Full Moon (ottobre 2015) è il primo disco autoprodotto della band, registrato in analogico e in presa diretta presso l’OUTSIDE INSIDE STUDIO di Biadene (TV) sotto la supervisione di Matteo Bordin, che ne ha curato anche mixaggio e mastering. Artwork e grafica sono opera di Leonardo Marzi.

Dicono di loro:

ROCKIT (IT)
“È sulle sponde del fiume Sile, nella provincia trevigiana, che si compone l’esordio dei Riverweed, duo formato da Alessandro Cocchetto (chitarra e voce) e Filippo Ceron (batteria e cori) che autoproduce “Full Moon”, ep di sei tracce che dal blues tipico del sud degli Stati Uniti si muove sempre su un binario a stelle e strisce, fino a toccare un sound costruito da incisive chitarre elettriche. I Riverweed sono questo: una contaminazione tra le acque del Sile e quelle del Mississippi; hanno attinto a quella cultura blues d’oltreoceano inserendovi un loro personale stile rock, più sporco e aggressivo.

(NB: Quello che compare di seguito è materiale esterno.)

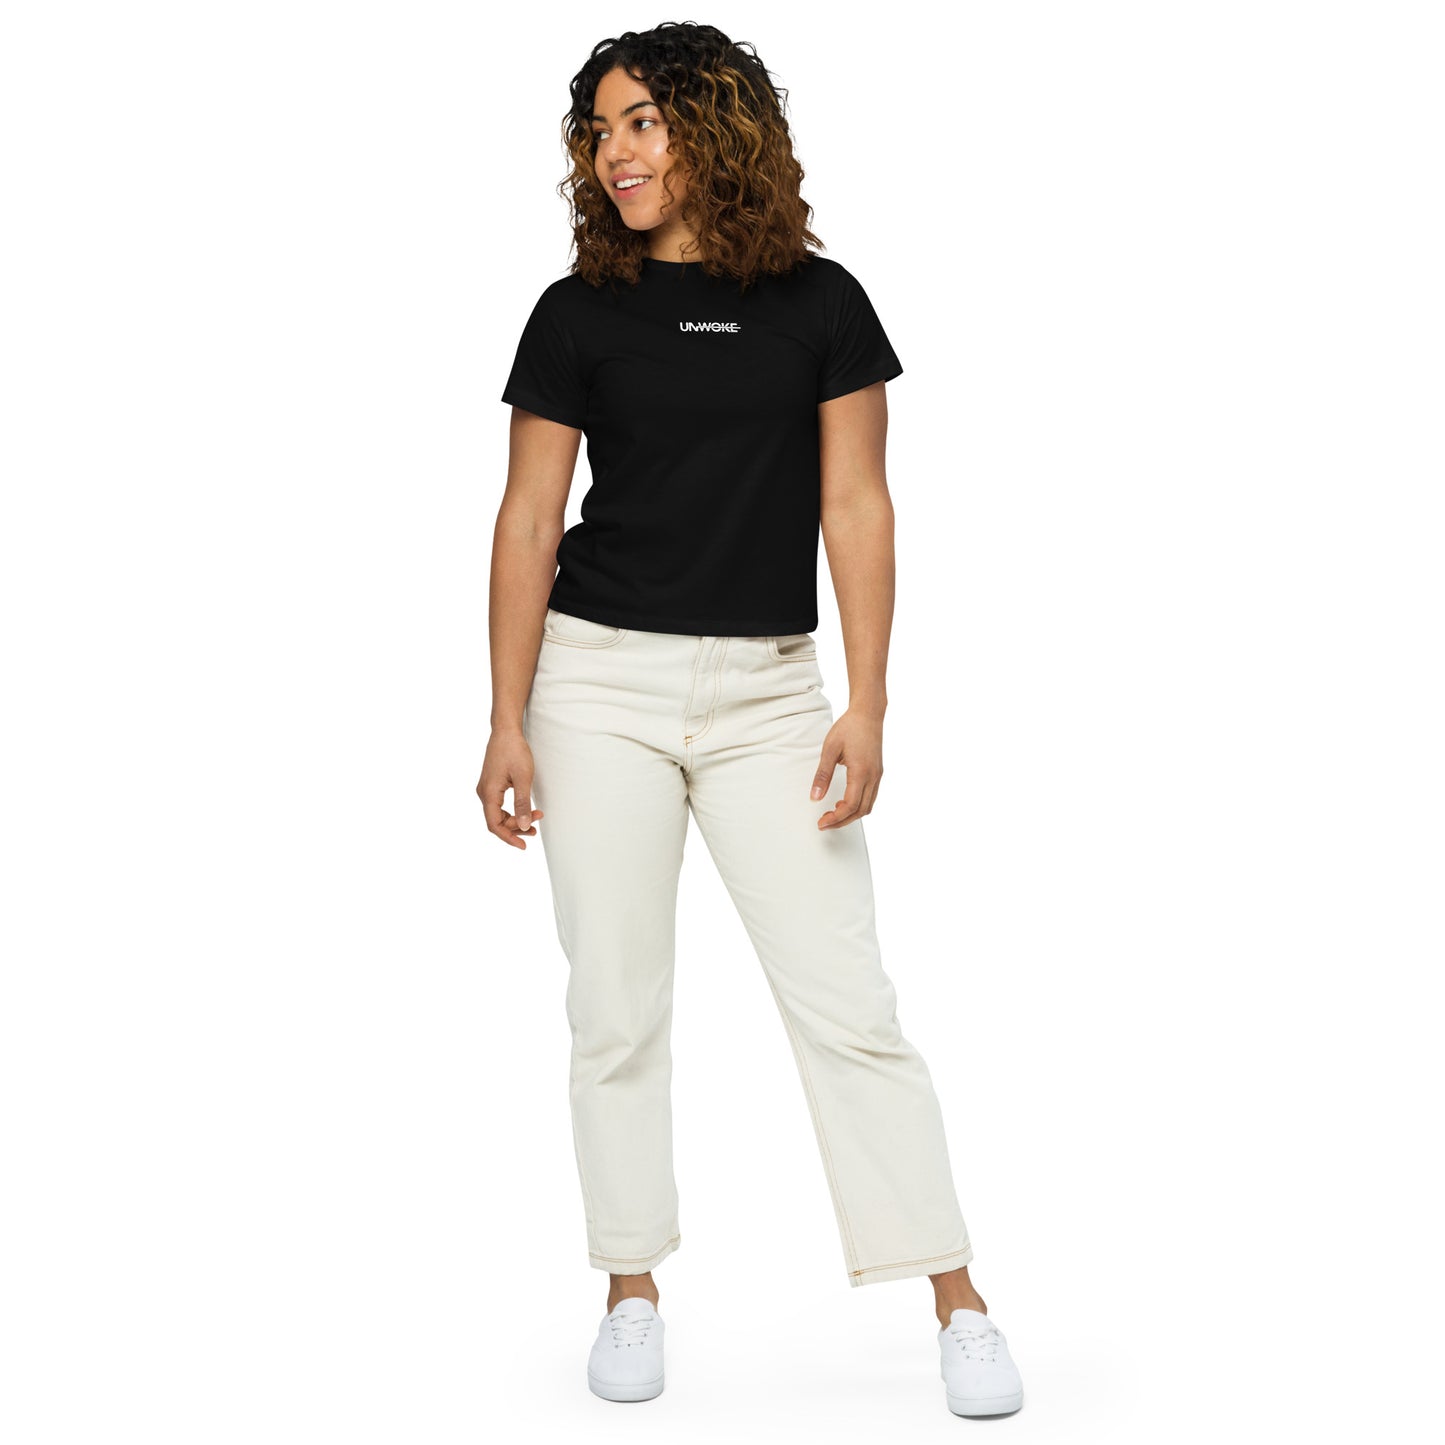 Unwoke Women’s minimalist high-waisted t-shirt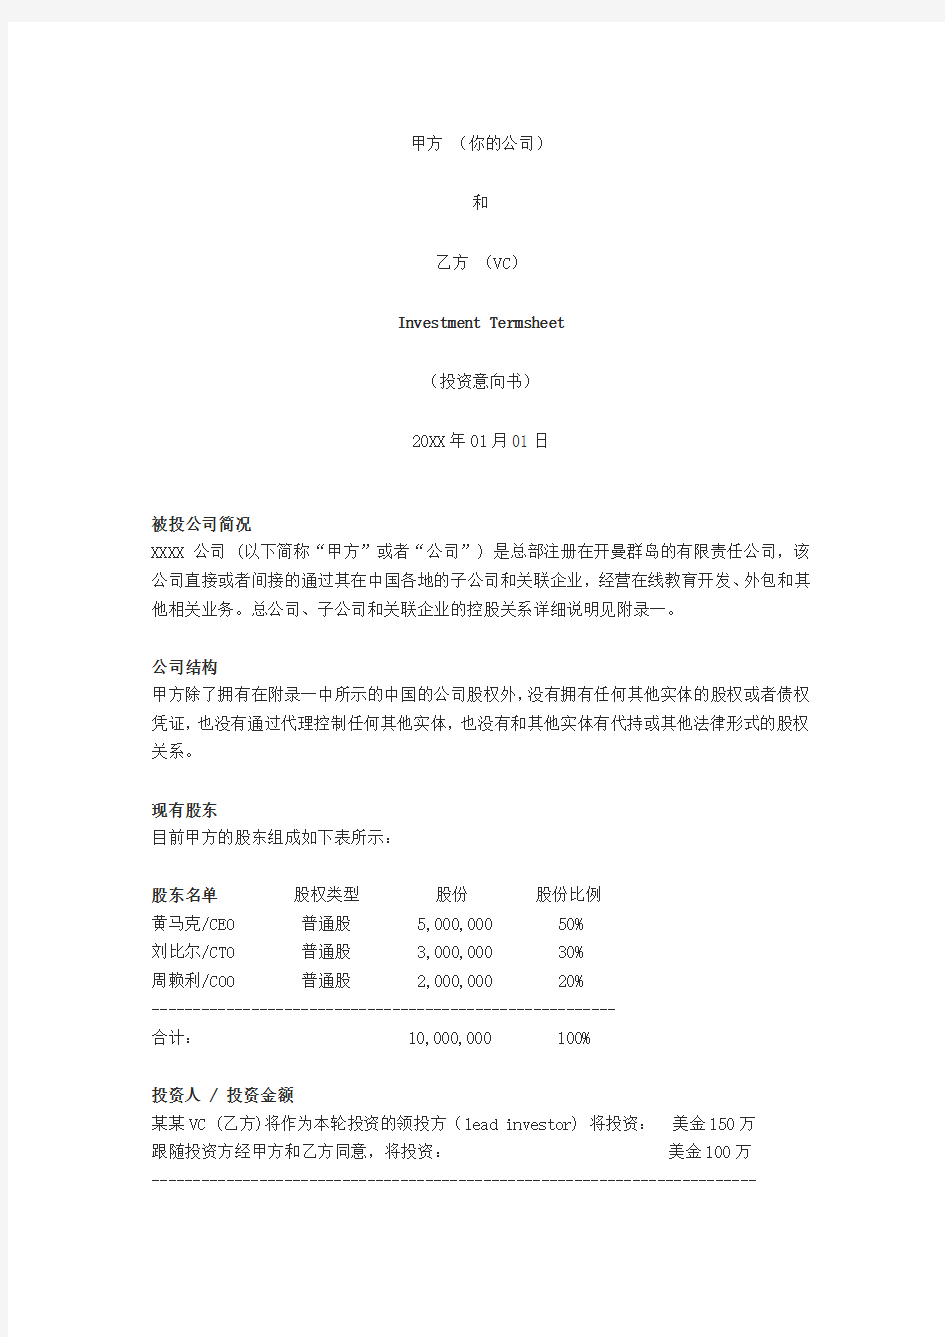 Investment Termsheet(查立)

È proprio questo meltin’ pot di generi che viene fuori in “Barefoot Blues” e “Flower Dust”, dove un buon bilanciamento tra blues e garage rock le rende due tra le tracce migliori; in particolare nel primo pezzo una consistente chitarra elettrica riesce a incrociarsi in maniera più che discreta con la struttura blues del brano. Meno legata a quest’ultimo genere e più decisamente in linea con un sound tipico di una band nineties è “The Mole”, nella quale il tono che si mantiene è quasi industrial, con la voce di Cocchetto che ben si sposa con quei passaggi a tratti aggressivi che il pezzo presenta.
Non si sbaglia affermando che con “Full Moon” la prima prova i Riverweed l’hanno superata, attenderemo con sana curiosità la direzione che adesso decideranno di prendere.” (E.S.)